#### Exercise objective:
Print the complete set of entries exactly.
BEGIN Dataset
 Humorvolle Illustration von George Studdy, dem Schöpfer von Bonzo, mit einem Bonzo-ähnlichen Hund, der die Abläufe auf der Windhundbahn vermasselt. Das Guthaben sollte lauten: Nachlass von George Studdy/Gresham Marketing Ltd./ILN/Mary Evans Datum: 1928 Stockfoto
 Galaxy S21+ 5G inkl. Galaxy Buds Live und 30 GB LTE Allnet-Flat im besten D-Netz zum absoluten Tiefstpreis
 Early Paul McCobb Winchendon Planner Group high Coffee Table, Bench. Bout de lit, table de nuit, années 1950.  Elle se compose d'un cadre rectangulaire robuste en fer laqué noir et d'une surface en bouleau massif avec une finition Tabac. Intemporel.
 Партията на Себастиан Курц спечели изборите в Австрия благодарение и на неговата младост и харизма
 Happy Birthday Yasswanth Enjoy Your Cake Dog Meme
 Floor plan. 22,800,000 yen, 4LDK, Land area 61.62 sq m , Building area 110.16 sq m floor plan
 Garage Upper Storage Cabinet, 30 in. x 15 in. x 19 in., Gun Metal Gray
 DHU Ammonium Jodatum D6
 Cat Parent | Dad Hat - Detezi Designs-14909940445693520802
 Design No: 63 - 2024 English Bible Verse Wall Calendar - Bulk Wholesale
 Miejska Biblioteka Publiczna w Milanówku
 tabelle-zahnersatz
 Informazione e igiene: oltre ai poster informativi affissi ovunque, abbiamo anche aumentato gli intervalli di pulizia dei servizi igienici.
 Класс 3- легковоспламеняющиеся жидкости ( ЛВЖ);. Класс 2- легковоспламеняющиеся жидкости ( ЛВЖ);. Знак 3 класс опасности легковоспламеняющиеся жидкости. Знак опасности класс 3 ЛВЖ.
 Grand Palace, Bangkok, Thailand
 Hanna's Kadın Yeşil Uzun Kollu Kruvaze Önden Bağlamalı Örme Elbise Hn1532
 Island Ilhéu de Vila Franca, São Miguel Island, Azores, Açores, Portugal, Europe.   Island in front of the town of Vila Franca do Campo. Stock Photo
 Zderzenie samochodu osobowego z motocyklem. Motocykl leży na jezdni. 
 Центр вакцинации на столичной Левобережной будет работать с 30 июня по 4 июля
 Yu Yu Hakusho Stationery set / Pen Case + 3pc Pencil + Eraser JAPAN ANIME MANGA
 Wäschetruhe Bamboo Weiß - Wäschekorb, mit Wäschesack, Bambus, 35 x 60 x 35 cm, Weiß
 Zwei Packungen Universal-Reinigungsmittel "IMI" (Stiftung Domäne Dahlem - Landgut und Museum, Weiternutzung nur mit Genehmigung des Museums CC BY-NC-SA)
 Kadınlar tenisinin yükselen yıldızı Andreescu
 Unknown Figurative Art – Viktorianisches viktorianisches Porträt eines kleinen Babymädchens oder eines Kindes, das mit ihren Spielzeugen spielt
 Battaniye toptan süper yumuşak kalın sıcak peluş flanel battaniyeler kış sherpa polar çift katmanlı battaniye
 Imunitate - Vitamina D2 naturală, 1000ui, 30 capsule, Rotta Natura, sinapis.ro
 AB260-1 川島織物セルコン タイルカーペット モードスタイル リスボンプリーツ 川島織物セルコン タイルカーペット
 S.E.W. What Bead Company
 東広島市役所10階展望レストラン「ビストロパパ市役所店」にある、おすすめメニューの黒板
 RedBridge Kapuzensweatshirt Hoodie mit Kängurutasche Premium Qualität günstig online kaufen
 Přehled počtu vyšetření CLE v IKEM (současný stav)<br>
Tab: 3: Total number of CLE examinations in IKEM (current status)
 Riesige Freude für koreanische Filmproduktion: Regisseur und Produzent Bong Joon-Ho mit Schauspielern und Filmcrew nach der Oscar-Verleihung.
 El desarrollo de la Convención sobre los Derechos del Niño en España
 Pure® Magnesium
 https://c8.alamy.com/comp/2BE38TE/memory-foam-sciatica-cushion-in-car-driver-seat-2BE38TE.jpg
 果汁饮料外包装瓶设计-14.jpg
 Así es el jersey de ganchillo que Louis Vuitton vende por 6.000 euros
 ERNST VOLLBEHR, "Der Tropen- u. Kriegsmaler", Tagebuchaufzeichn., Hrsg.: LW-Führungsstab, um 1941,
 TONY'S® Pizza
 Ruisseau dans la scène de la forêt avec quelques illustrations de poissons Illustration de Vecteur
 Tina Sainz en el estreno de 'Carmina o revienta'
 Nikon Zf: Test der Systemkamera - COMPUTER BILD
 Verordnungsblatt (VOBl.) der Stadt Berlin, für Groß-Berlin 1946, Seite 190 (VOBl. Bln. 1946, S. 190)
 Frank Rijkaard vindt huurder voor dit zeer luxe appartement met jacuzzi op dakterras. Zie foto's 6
END Dataset
#### Response to the exercise:
 Humorvolle Illustration von George Studdy, dem Schöpfer von Bonzo, mit einem Bonzo-ähnlichen Hund, der die Abläufe auf der Windhundbahn vermasselt. Das Guthaben sollte lauten: Nachlass von George Studdy/Gresham Marketing Ltd./ILN/Mary Evans Datum: 1928 Stockfoto
 Galaxy S21+ 5G inkl. Galaxy Buds Live und 30 GB LTE Allnet-Flat im besten D-Netz zum absoluten Tiefstpreis
 Early Paul McCobb Winchendon Planner Group high Coffee Table, Bench. Bout de lit, table de nuit, années 1950.  Elle se compose d'un cadre rectangulaire robuste en fer laqué noir et d'une surface en bouleau massif avec une finition Tabac. Intemporel.
 Партията на Себастиан Курц спечели изборите в Австрия благодарение и на неговата младост и харизма
 Happy Birthday Yasswanth Enjoy Your Cake Dog Meme
 Floor plan. 22,800,000 yen, 4LDK, Land area 61.62 sq m , Building area 110.16 sq m floor plan
 Garage Upper Storage Cabinet, 30 in. x 15 in. x 19 in., Gun Metal Gray
 DHU Ammonium Jodatum D6
 Cat Parent | Dad Hat - Detezi Designs-14909940445693520802
 Design No: 63 - 2024 English Bible Verse Wall Calendar - Bulk Wholesale
 Miejska Biblioteka Publiczna w Milanówku
 tabelle-zahnersatz
 Informazione e igiene: oltre ai poster informativi affissi ovunque, abbiamo anche aumentato gli intervalli di pulizia dei servizi igienici.
 Класс 3- легковоспламеняющиеся жидкости ( ЛВЖ);. Класс 2- легковоспламеняющиеся жидкости ( ЛВЖ);. Знак 3 класс опасности легковоспламеняющиеся жидкости. Знак опасности класс 3 ЛВЖ.
 Grand Palace, Bangkok, Thailand
 Hanna's Kadın Yeşil Uzun Kollu Kruvaze Önden Bağlamalı Örme Elbise Hn1532
 Island Ilhéu de Vila Franca, São Miguel Island, Azores, Açores, Portugal, Europe.   Island in front of the town of Vila Franca do Campo. Stock Photo
 Zderzenie samochodu osobowego z motocyklem. Motocykl leży na jezdni. 
 Центр вакцинации на столичной Левобережной будет работать с 30 июня по 4 июля
 Yu Yu Hakusho Stationery set / Pen Case + 3pc Pencil + Eraser JAPAN ANIME MANGA
 Wäschetruhe Bamboo Weiß - Wäschekorb, mit Wäschesack, Bambus, 35 x 60 x 35 cm, Weiß
 Zwei Packungen Universal-Reinigungsmittel "IMI" (Stiftung Domäne Dahlem - Landgut und Museum, Weiternutzung nur mit Genehmigung des Museums CC BY-NC-SA)
 Kadınlar tenisinin yükselen yıldızı Andreescu
 Unknown Figurative Art – Viktorianisches viktorianisches Porträt eines kleinen Babymädchens oder eines Kindes, das mit ihren Spielzeugen spielt
 Battaniye toptan süper yumuşak kalın sıcak peluş flanel battaniyeler kış sherpa polar çift katmanlı battaniye
 Imunitate - Vitamina D2 naturală, 1000ui, 30 capsule, Rotta Natura, sinapis.ro
 AB260-1 川島織物セルコン タイルカーペット モードスタイル リスボンプリーツ 川島織物セルコン タイルカーペット
 S.E.W. What Bead Company
 東広島市役所10階展望レストラン「ビストロパパ市役所店」にある、おすすめメニューの黒板
 RedBridge Kapuzensweatshirt Hoodie mit Kängurutasche Premium Qualität günstig online kaufen
 Přehled počtu vyšetření CLE v IKEM (současný stav)<br>
Tab: 3: Total number of CLE examinations in IKEM (current status)
 Riesige Freude für koreanische Filmproduktion: Regisseur und Produzent Bong Joon-Ho mit Schauspielern und Filmcrew nach der Oscar-Verleihung.
 El desarrollo de la Convención sobre los Derechos del Niño en España
 Pure® Magnesium
 https://c8.alamy.com/comp/2BE38TE/memory-foam-sciatica-cushion-in-car-driver-seat-2BE38TE.jpg
 果汁饮料外包装瓶设计-14.jpg
 Así es el jersey de ganchillo que Louis Vuitton vende por 6.000 euros
 ERNST VOLLBEHR, "Der Tropen- u. Kriegsmaler", Tagebuchaufzeichn., Hrsg.: LW-Führungsstab, um 1941,
 TONY'S® Pizza
 Ruisseau dans la scène de la forêt avec quelques illustrations de poissons Illustration de Vecteur
 Tina Sainz en el estreno de 'Carmina o revienta'
 Nikon Zf: Test der Systemkamera - COMPUTER BILD
 Verordnungsblatt (VOBl.) der Stadt Berlin, für Groß-Berlin 1946, Seite 190 (VOBl. Bln. 1946, S. 190)
 Frank Rijkaard vindt huurder voor dit zeer luxe appartement met jacuzzi op dakterras. Zie foto's 6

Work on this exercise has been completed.